For the long-time scale component, the model simply replaces the PF gating signal with the PF signal-induced intracellular concentration of IP3 ([IP3]_i in Eq. 21). Because the exact mechanism is unknown, the long-time scale generates the variables α, β using the instantaneous CF signal and its average over a long time, respectively. This IP3 requirement restricts the time window of synaptic change to the time of IP3 activation, which varies across the PC-IN population. The learning rules are summarized in Table 1B. Note that when the PF-induced IP3 signal is coupled with a temporary increase of the CF signal, an increment of excitability occurs in INs as well as in PCs.

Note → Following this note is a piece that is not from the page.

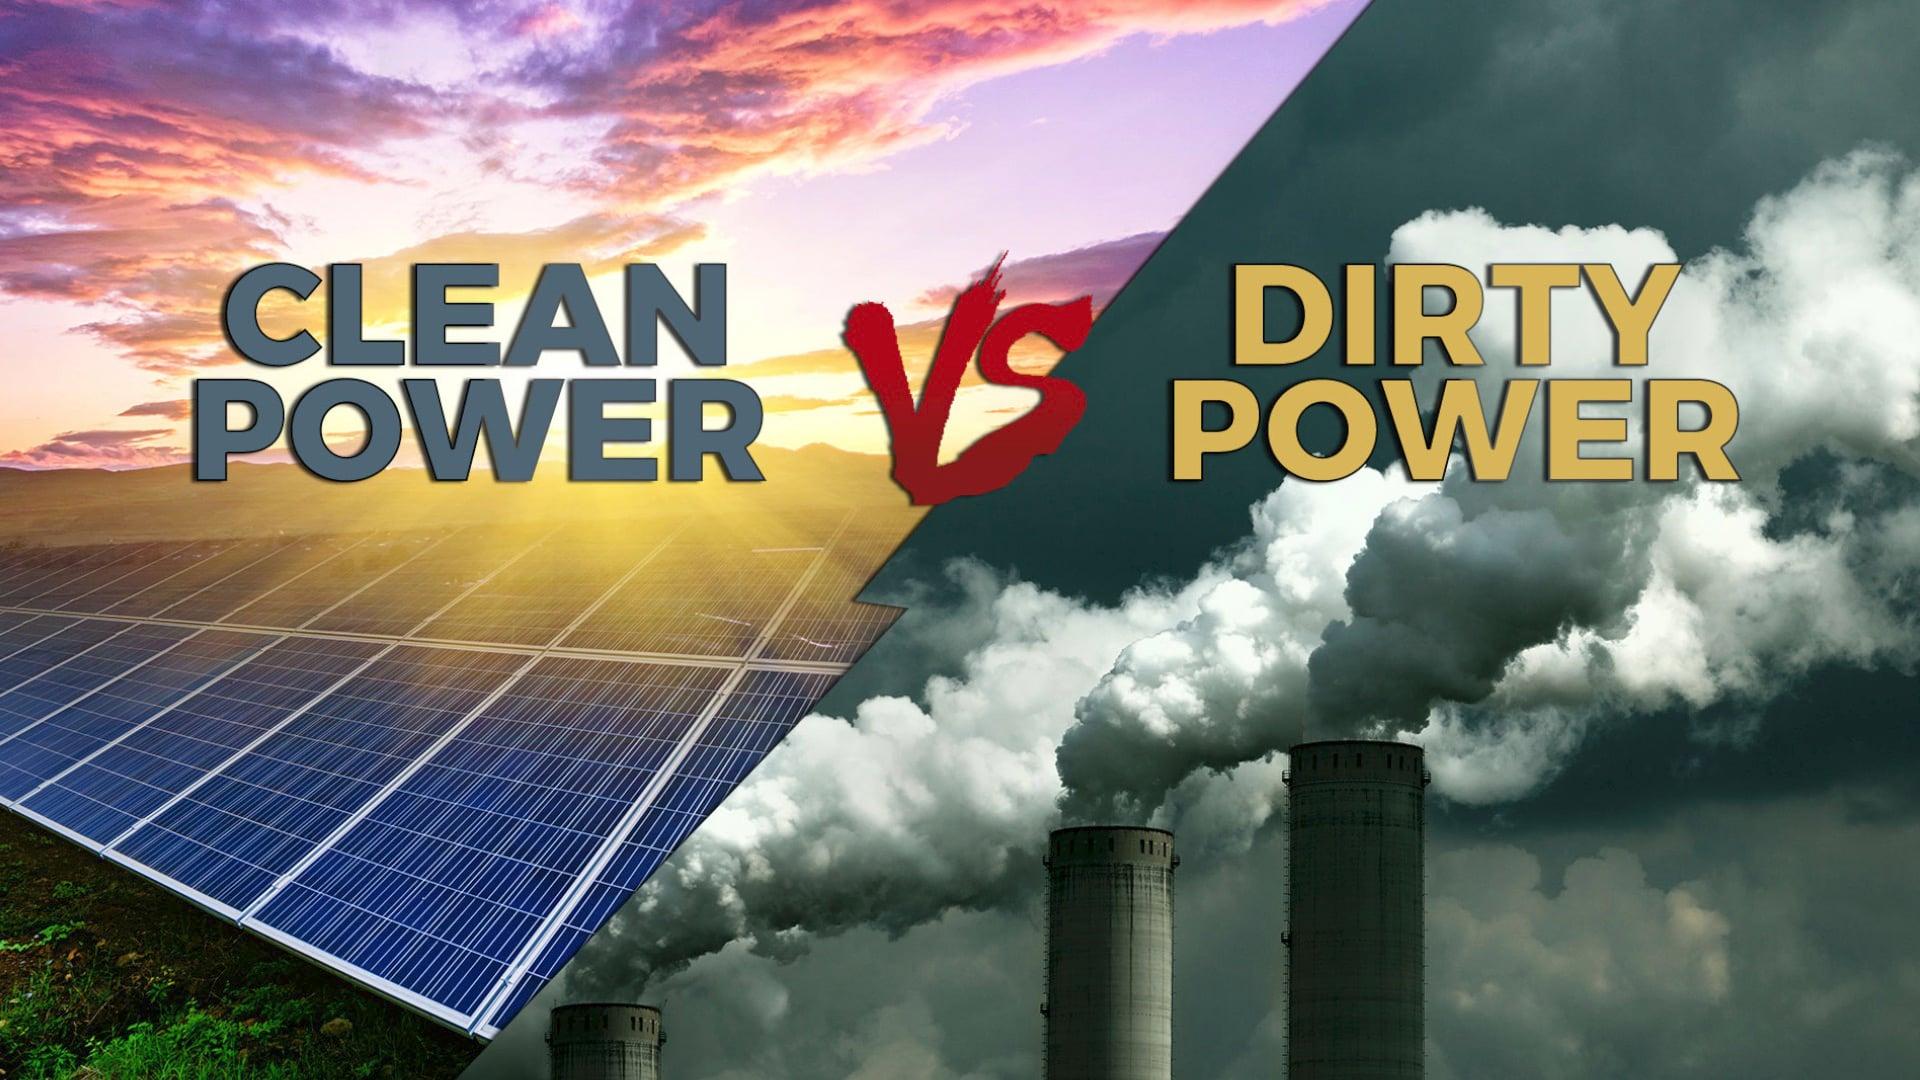 Clean VS Dirty Power (standard)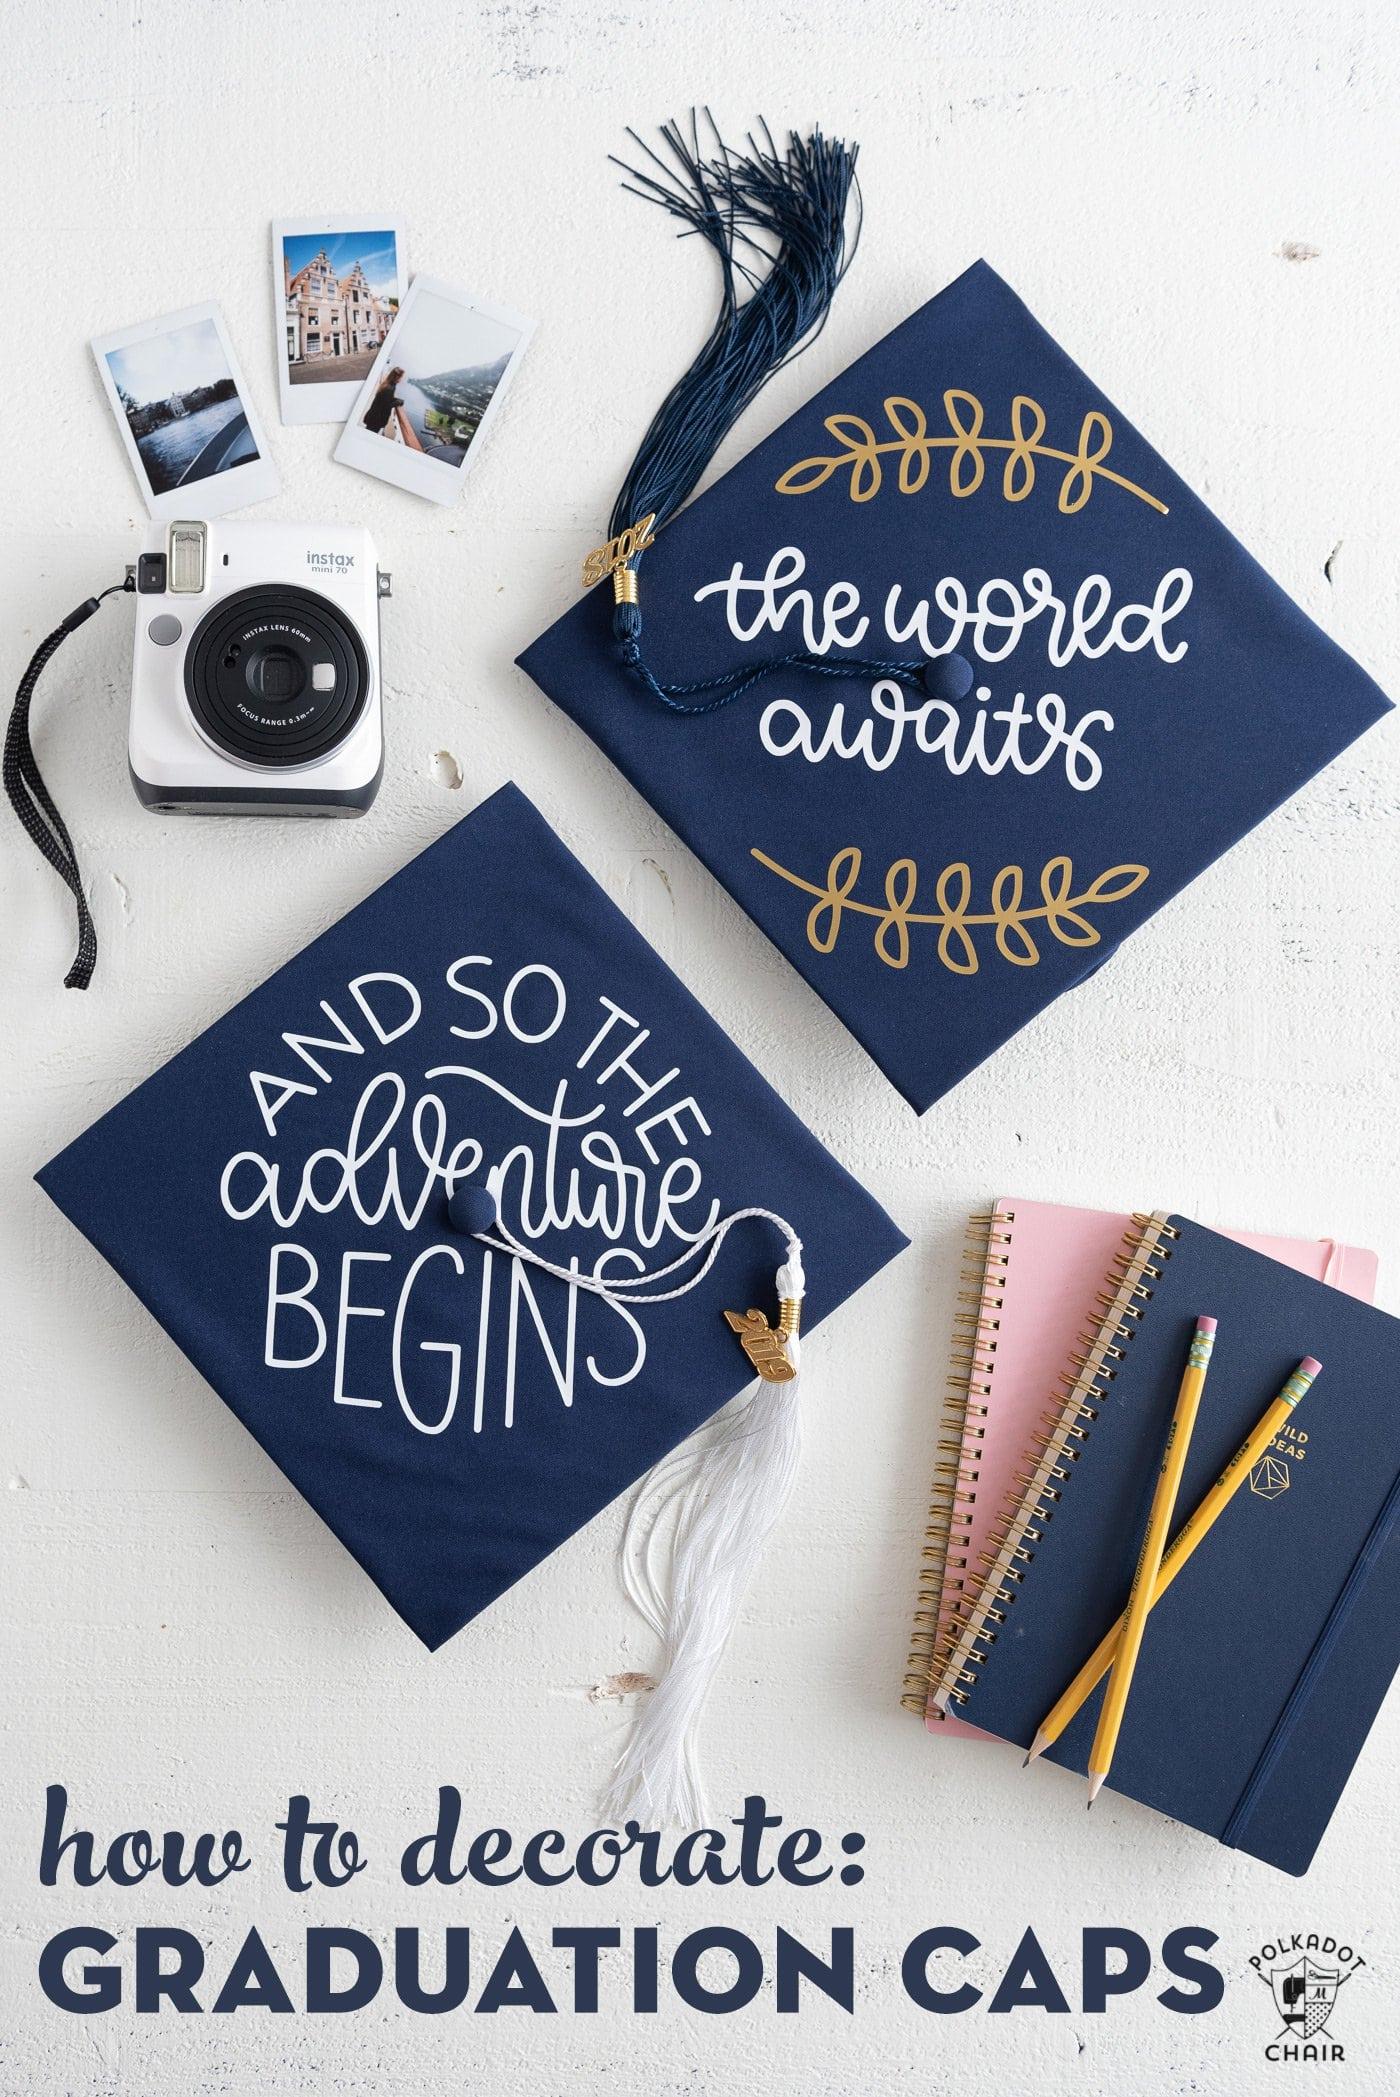 Diy Graduation Cap Decorating Ideas Using Cricut Iron-On | The Polka with Blank Graduation Advice Sheets

Using the mechanisms summarized in Table 1, the population of PC-IN pairs learns to increase PC output at unpaired PF signals (without CF signals) and decrease PC output at paired PF signals (conjunctive PF-CF activation) via the short-time scale component (LTP/LTD). For the long-time scale component, if the conjunctive PF-CF happens regularly with a specific ISI, the PC-IN population learns to modulate the PCs' firing profiles at the time of the expected CF signal, due to the increased long-time scale activities of the PC-IN pairs. This modulation is limited to the PC-IN pairs that have similar latencies of activation to the ISI (cf. Figure 7). The resulting discharge of the PC population then reflects the modulations in its constituents and shows a timed decrease of firing. The outputs of the PCs are then transmitted to the DCN.

Deep Cerebellar Nucleus Module

The simulated excitatory deep cerebellar nucleus neuron (DCN) integrates the inhibitory signals from PCs and excitatory signals from MF collaterals and CF collaterals (Figure 2A, Eq. 47). Similar to the learning rules in the cerebellar cortex, the model implements plasticity rules at the MF collaterals→DCN synapses (Eq. 54). If the average of (MF×[γ−δ]) over time>0, then increase the strength (LTP) at MF collateral→DCN synapse. Where γ and δ represent instantaneous input from the CF collaterals and its time average, respectively, similar to the concept in the learning rules in the cerebellar cortex. If (MF×[γ−δ] over time)<0, then decrease the strength (LTD) at MF collateral→DCN synapse. If (MF×[γ−δ] over time) = 0, do not change strength. As Mauk and his colleagues point out, there is no direct evidence for any known specific rules for MF collateral→DCN synapse (see [85] for recent findings). Some indirect evidence for the CF collateral-induced synaptic change is the configuration of the CF collateral terminals that contact distal as well as proximal dendrites and cell bodies (e.g., [86]). It is also known that CF collaterals may be potent enough to induce spikes in the target DCN neurons (e.g., [87]).

The model deep cerebellar nucleus module also implements the inhibitory projection neuron (IDCN). It is assumed that IDCN has properties similar to DCN. Due to this construction, the IDCN mimics the activation properties of the simulated DCN neuron, letting the DCN module give negative feedback of the cerebellar output to the IO via the IDCN→IO pathway.

Inferior Olive Module

The simulated inferior olive (IO) module uses spiking compartmental model neurons adapted from Schweighofer et al. ([88], [89]; see Eq. 32, Eq. 42). Each neural unit has a soma and four dendrites (Figure 2A), and the dendrites connect to adjacent dendrites of neighboring neurons via gap junctions (zigzag lines in Figure 2A). The soma compartment has the known intracellular currents such as the low-threshold calcium current and Hodgkin-Huxley type sodium and potassium currents. The dendritic module has a high-threshold inward calcium current, an outward calcium-dependent potassium current and the excitatory and inhibitory input currents from extra-cerebellar projections and the IDCN neuron, respectively.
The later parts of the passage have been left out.